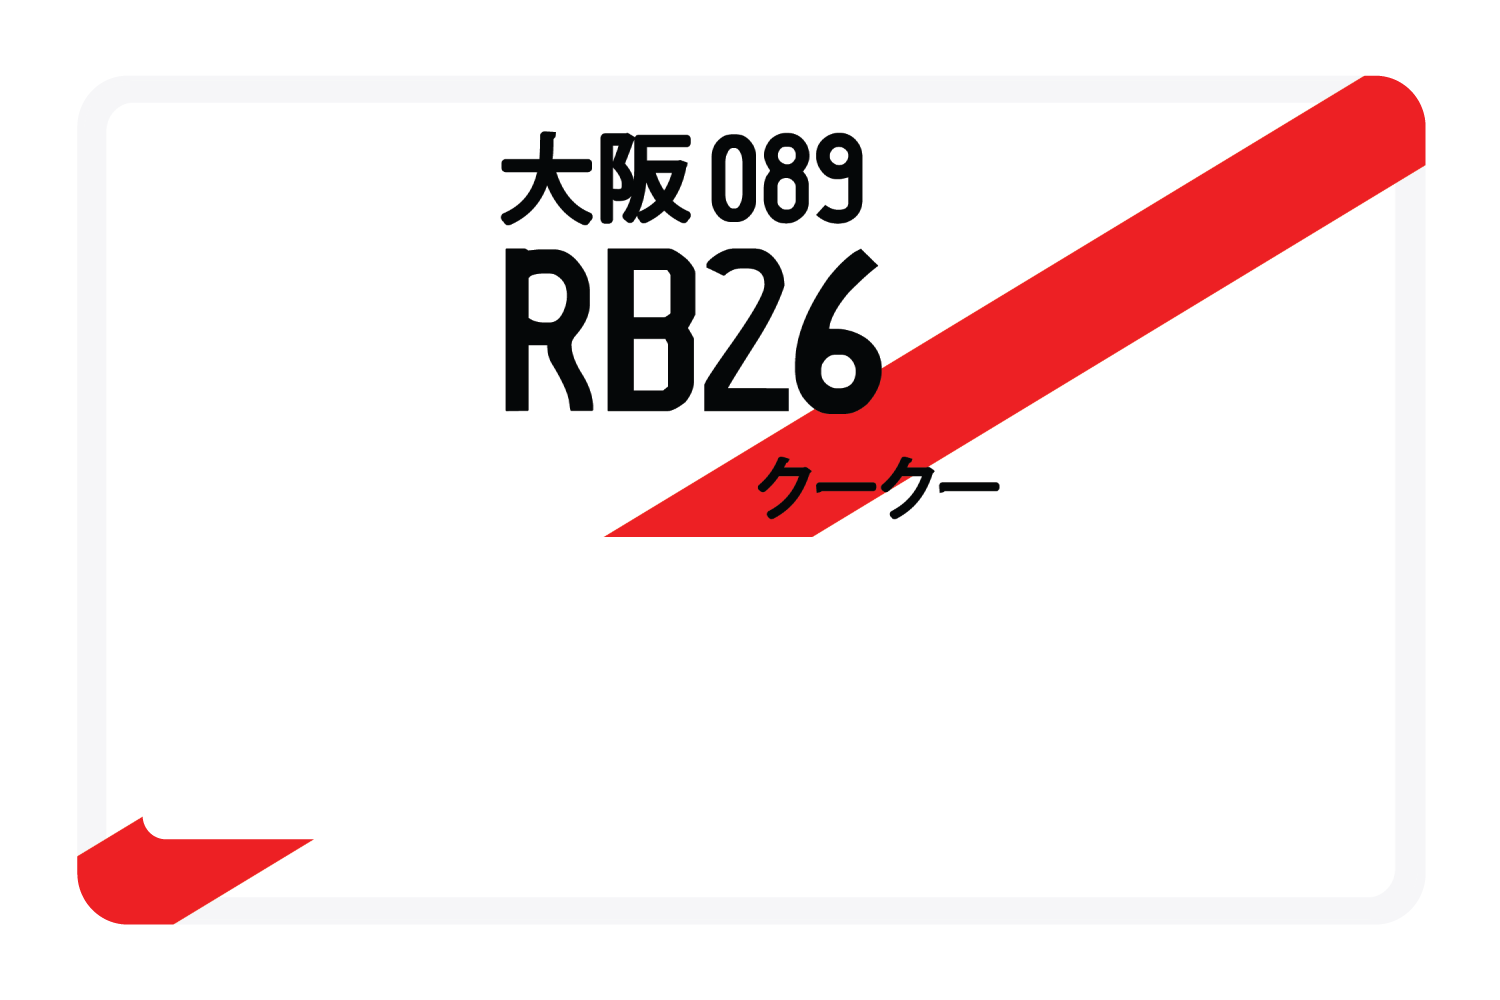 RB26
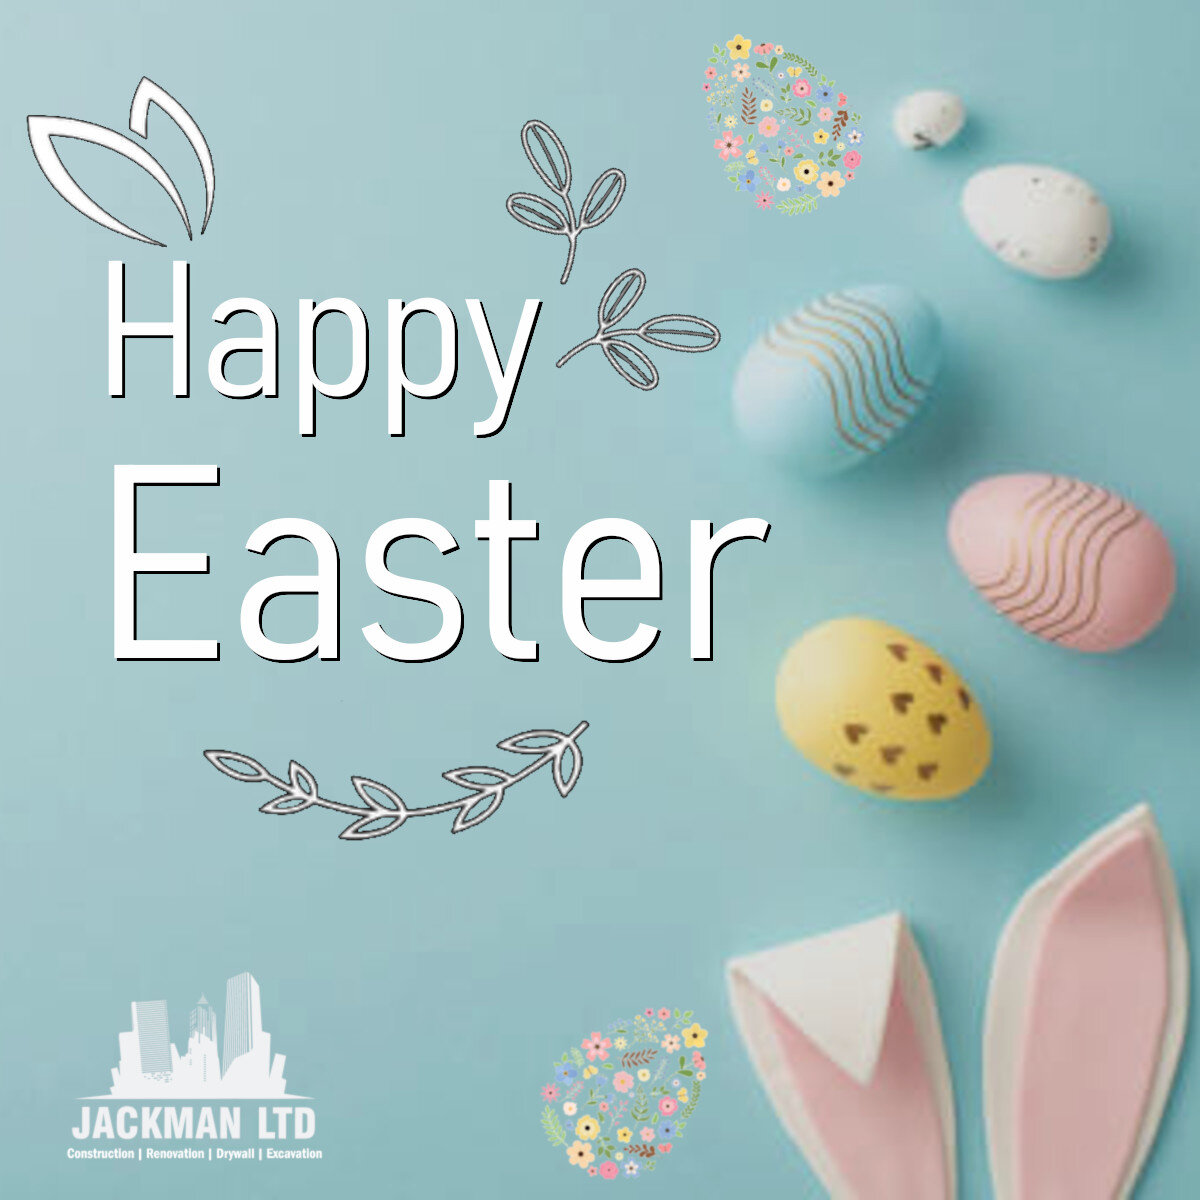 Hoppy Easter everyone 🐰 We are closed today but will reopen on Monday April 1st. No it's not an April Fool's joke - we will be here for you! Have a wonderful celebration with those who mean most and we will see you next month. #easter #familytime #h
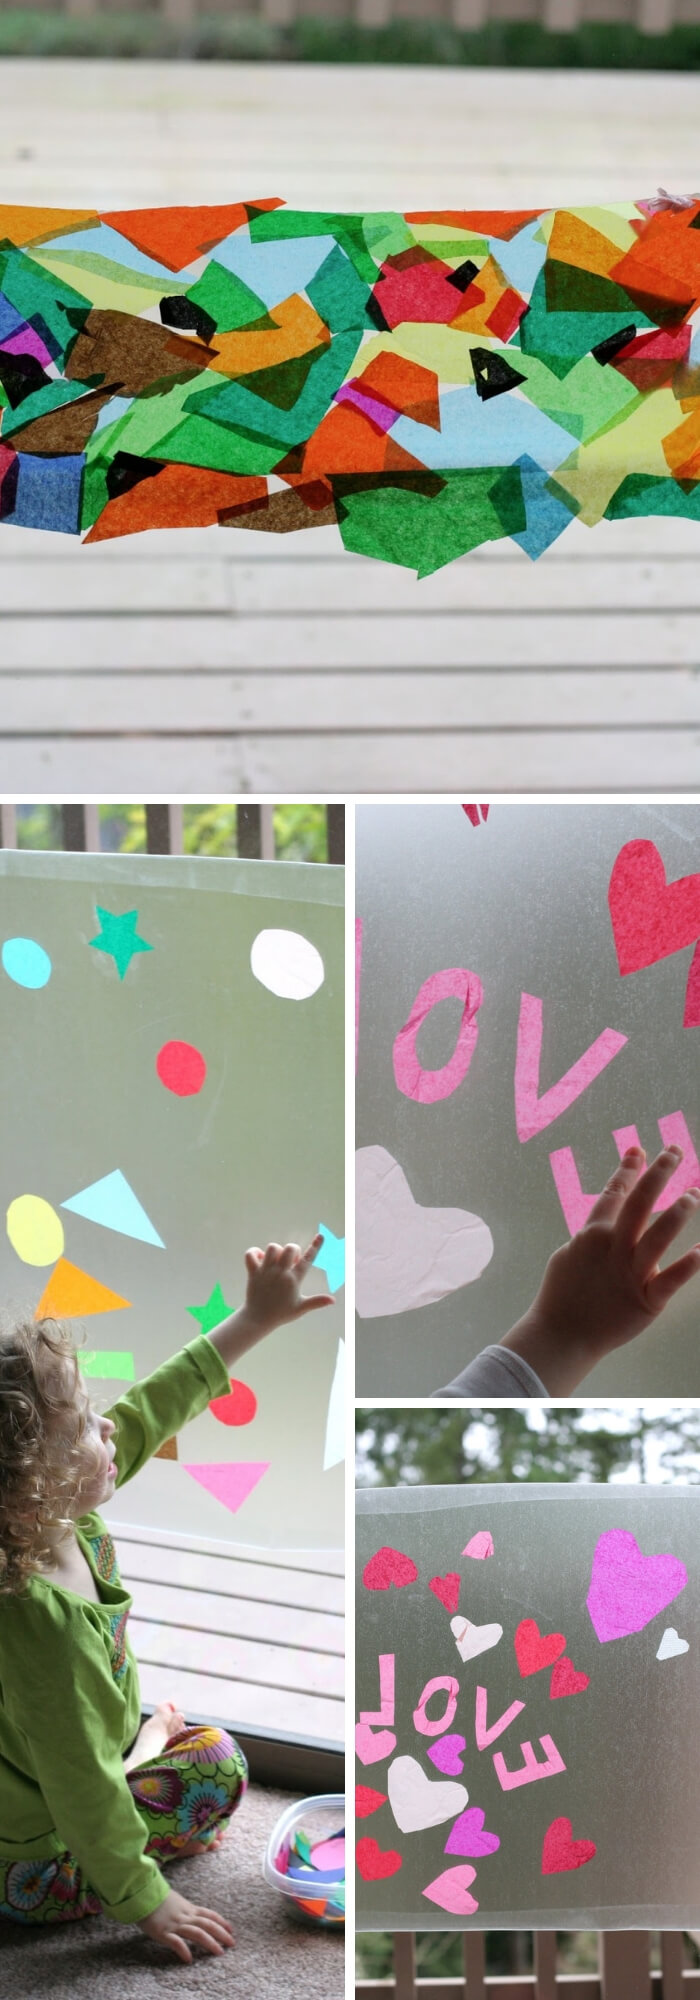 Children's Holiday Craft Ideas – Faux Stained Glass Valentine's Day Window Hangings | Contact Paper Window Art
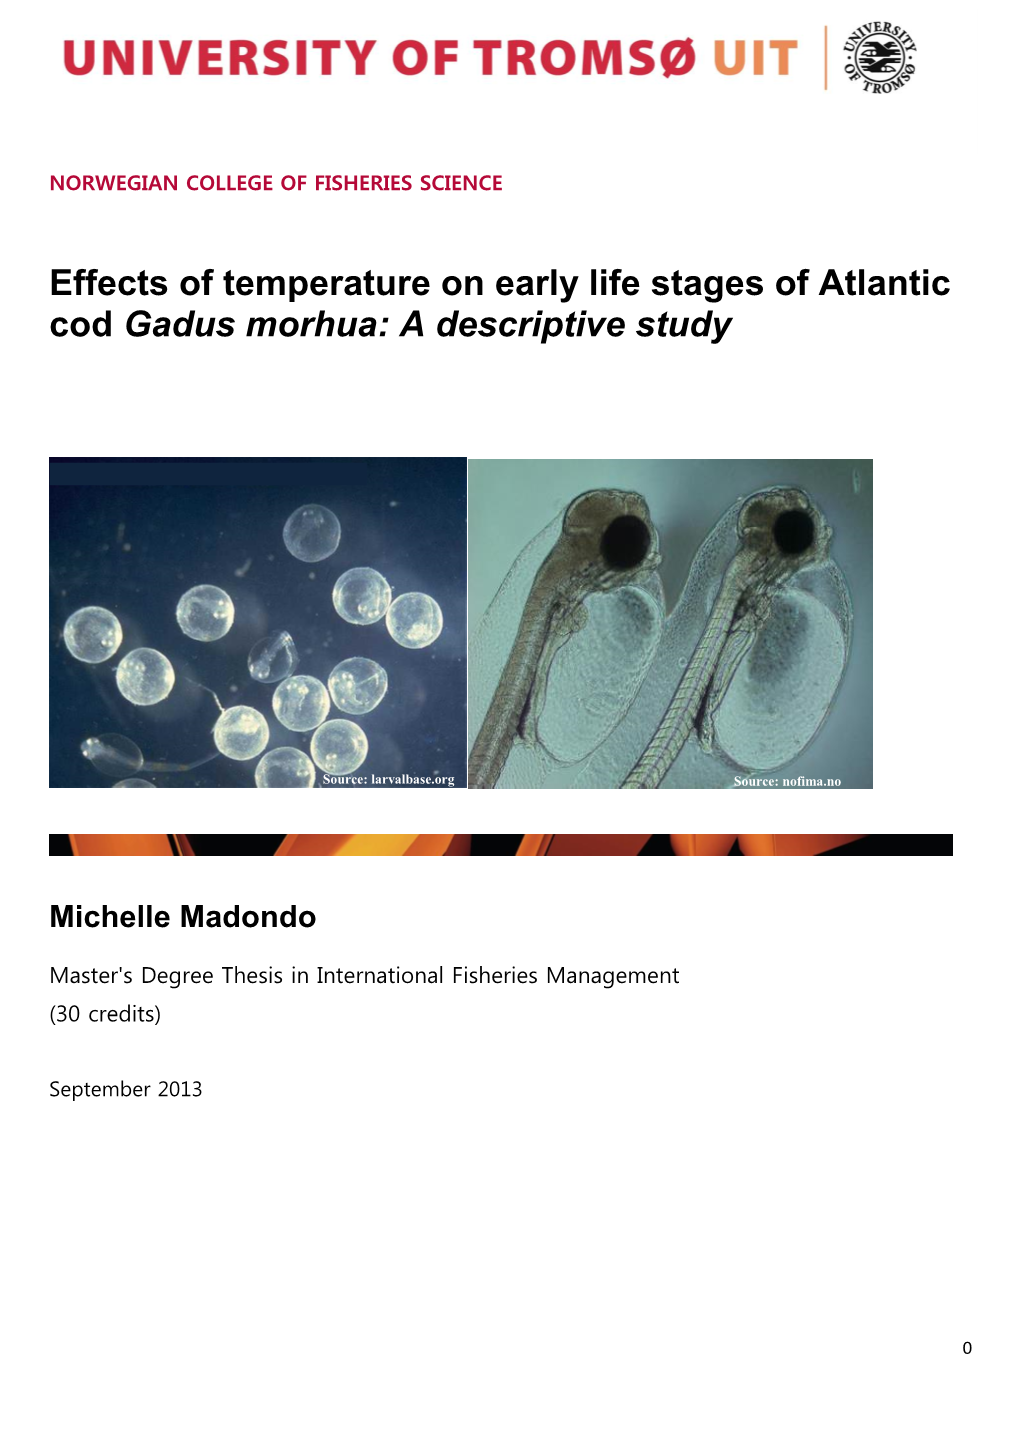 Effects of Temperature on Early Life Stages of Atlantic Cod, Gadus Morhua: a Descriptive Study

▸ **Assigned task**: Transcribe the span of lines that runs from the line with "Hoppy Easter everyone" to the end of the data, both ends included, exactly, with nothing else and no pictures.

▸ **Problem solution**:
 Hoppy Easter everyone 🐰 We are closed today but will reopen on Monday April 1st. No it's not an April Fool's joke - we will be here for you! Have a wonderful celebration with those who mean most and we will see you next month. #easter #familytime #h
 Children's Holiday Craft Ideas – Faux Stained Glass Valentine's Day Window Hangings | Contact Paper Window Art
 Effects of Temperature on Early Life Stages of Atlantic Cod, Gadus Morhua: a Descriptive Study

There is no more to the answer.